Any condition specified in this Section 3.2 may be waived by Buyer; provided
that no such waiver will be effective unless it is set forth in a writing
executed by Buyer.
ARTICLE 4
COVENANTS PRIOR TO CLOSING
--------------------------
4.1 Affirmative Covenants of Seller. Between the date
hereof and the Closing Date, except as otherwise expressly provided herein,
Seller will:
(a) conduct the Business, including, without limitation, the
cash management customs and practices of the Business (including the collection
of receivables and payment of payables) only in the usual and ordinary course of
business in accordance with past custom and practice;
(b) use best efforts to preserve the present business
relationships with all material customers, suppliers and distributors of the
Business, to the extent such relationships are beneficial to the Business and
promote the smooth transition of such customers, suppliers and distributors from
Seller to Buyer;
(c) permit Buyer and its employees, agents, potential
lenders, investors, environmental consultants and accounting and legal
representatives to have access, upon reasonable notice, to its books, records,
invoices, contracts, leases, key personnel, independent accountants, legal
counsel, property, facilities, equipment and other things reasonably related to
the Business or the Purchased Assets, including, without limitation, key
distributors and/or vendors selected by Buyer and Seller for such purposes, it
being understood and agreed that Seller's covenants contained in this Section
4.1(a) shall not act as a waiver to any attorney-client privilege;
(d) use best efforts to cause all conditions to Buyer's
obligation to close to be satisfied; and
(e) promptly inform Buyer in writing of any variances from
the representations and warranties contained in Article 5 hereof.
12
4.2 Negative Covenants.
(a) Between the date hereof and the Closing Date, except as
otherwise provided herein, Seller will not:
(i) except as disclosed on the attached "Developments
Schedule" or permitted under Section 4.2(a)(iii) below, take any action that
would require disclosure under Section 5.6 hereof;
(ii) take any action or omit to take any action (the omission
of which) that has had or will have a material and adverse effect upon the
business, financial condition or operating results of Seller taken as a whole (a
"Material Adverse Effect");
(iii) without the prior written consent of Buyer, (A) enter
into any contract (1) out of the ordinary course of business (it being agreed
and understood that nothing in this clause 4.2(a)(iii)(1) shall limit or
otherwise impair Seller's ability to take any action with respect to any of its
real estate) or (2) restricting in any way the conduct of the Business, (B) make
any loans, (C) increase any officer's or employee's compensation, incentive
arrangements or other benefits, except for increases made in the ordinary course
of business consistent with past custom and practice; or
(iv) enter into any transaction, arrangement or contract
(including, without limitation, any transfer of any of the Purchased Assets or
placing a Lien on any of the Purchased Assets) except on an arm's-length basis
in the ordinary course of business consistent with past custom and practice.

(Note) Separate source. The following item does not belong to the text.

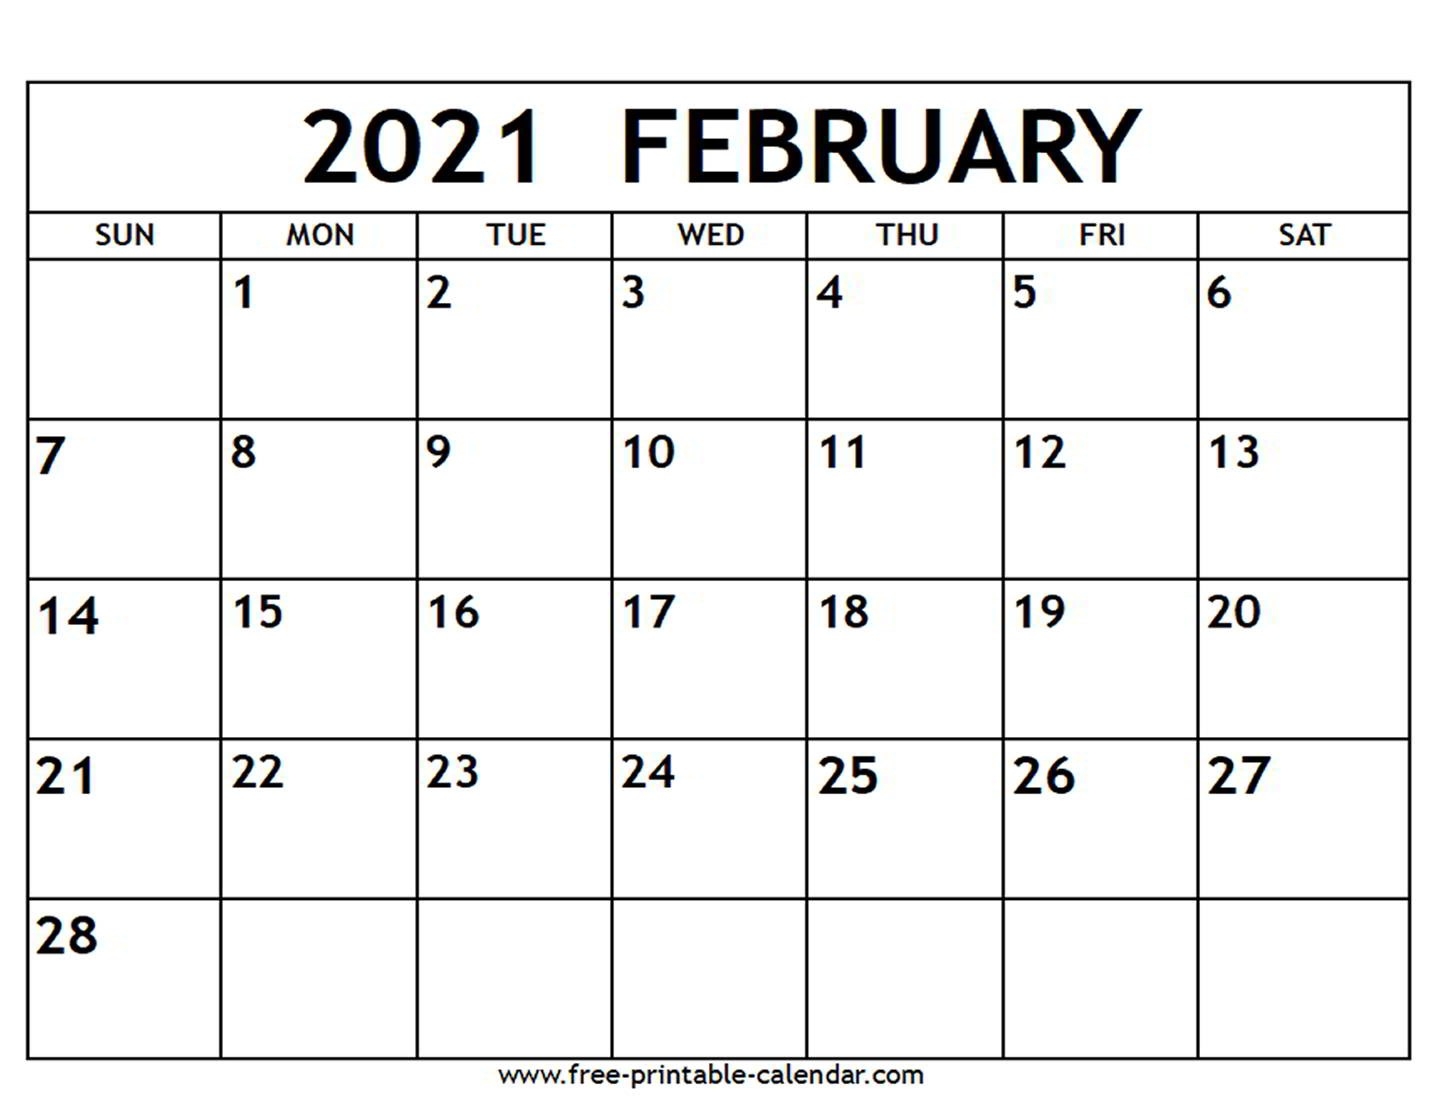 February 2021 Calendar - Free-Printable-Calendar-Print Calendar 2021 Free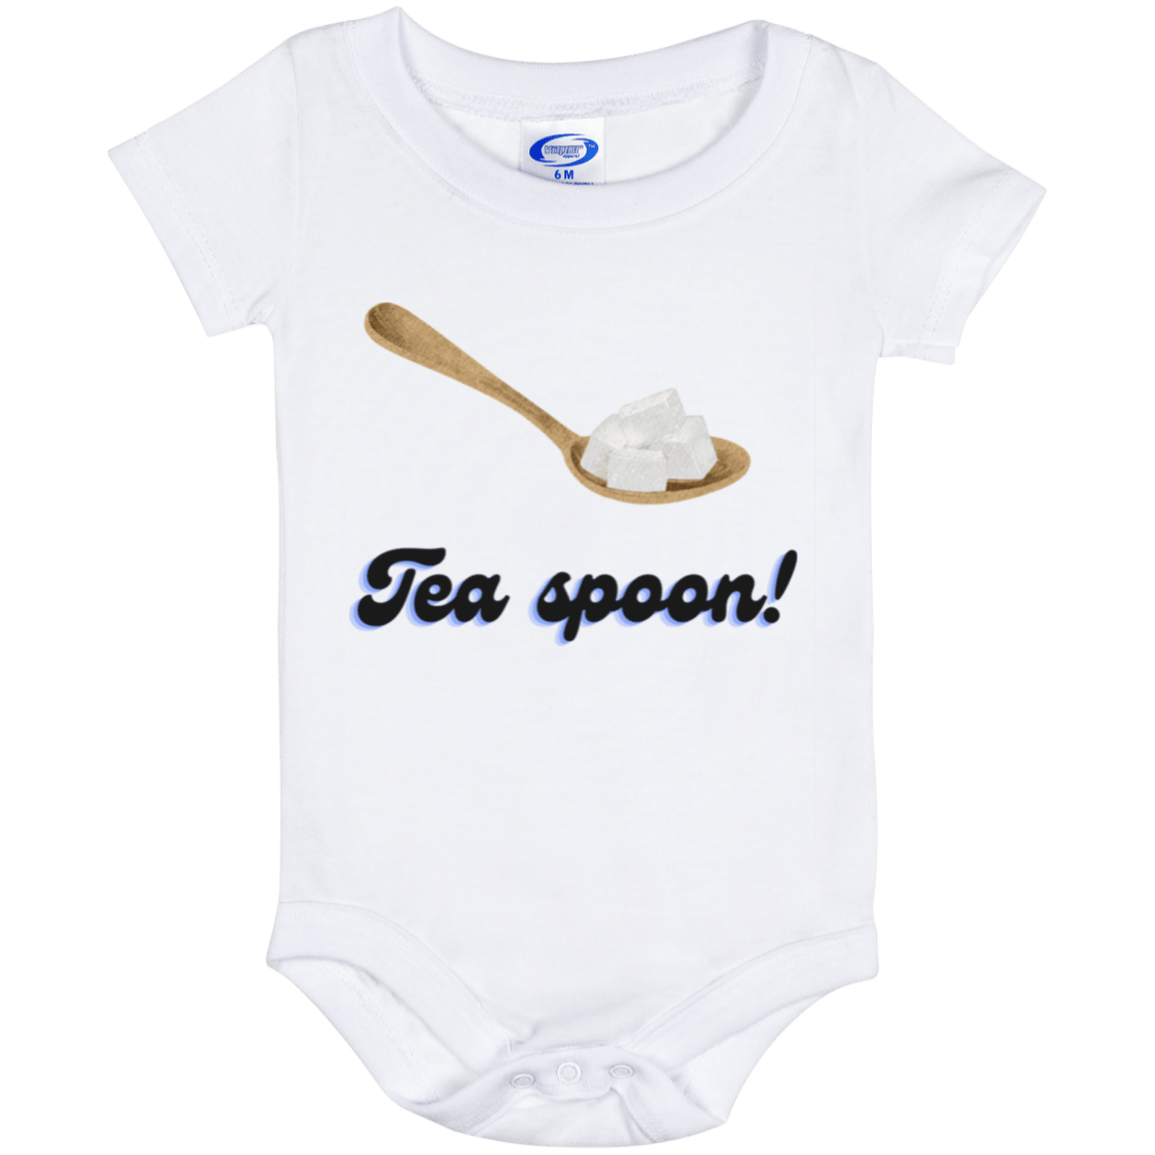 Teaspoon Baby Onesie 6 Month

(b) Neither Seller nor PDK, nor any officer, director,
employee, stockholder, agent, representative or affiliate thereof shall (i)
until the earlier of the Closing Date or the date this Agreement is terminated
pursuant to Section 7.1 hereof, discuss or pursue a possible sale,
recapitalization or other disposition of Seller, any securities or substantial
portion of the assets of Seller, or the Business or any portion thereof with any
other party or provide any information to any other party in connection
therewith or (ii) disclose to any other party the terms of this Agreement
(except as may be required by law or the requirement of any securities exchange
on which any party's securities are traded). Neither Seller nor PDK nor any of
their respective affiliates shall, by pursuing the transactions contemplated
hereby, violate the terms of any other agreement or obligation to which any of
them is subject, and each of Seller and PDK shall inform Buyer of and provide
Buyer with information regarding any other offers or expressions of interest for
Seller, any securities or substantial portion of the assets of Seller, or the
Business or any portion thereof. Notwithstanding the foregoing, at any time
prior to obtaining the stockholder approval required in Section 4.3 hereof,
Seller may participate in discussions or negotiations with any third party with
respect to any Acquisition Proposal if Seller's board of directors determines in
good faith, after consultation with counsel, that the failure to participate in
such discussions or negotiations may constitute a breach of its fiduciary duties
under applicable law. For purposes of this Agreement, an "Acquisition Proposal"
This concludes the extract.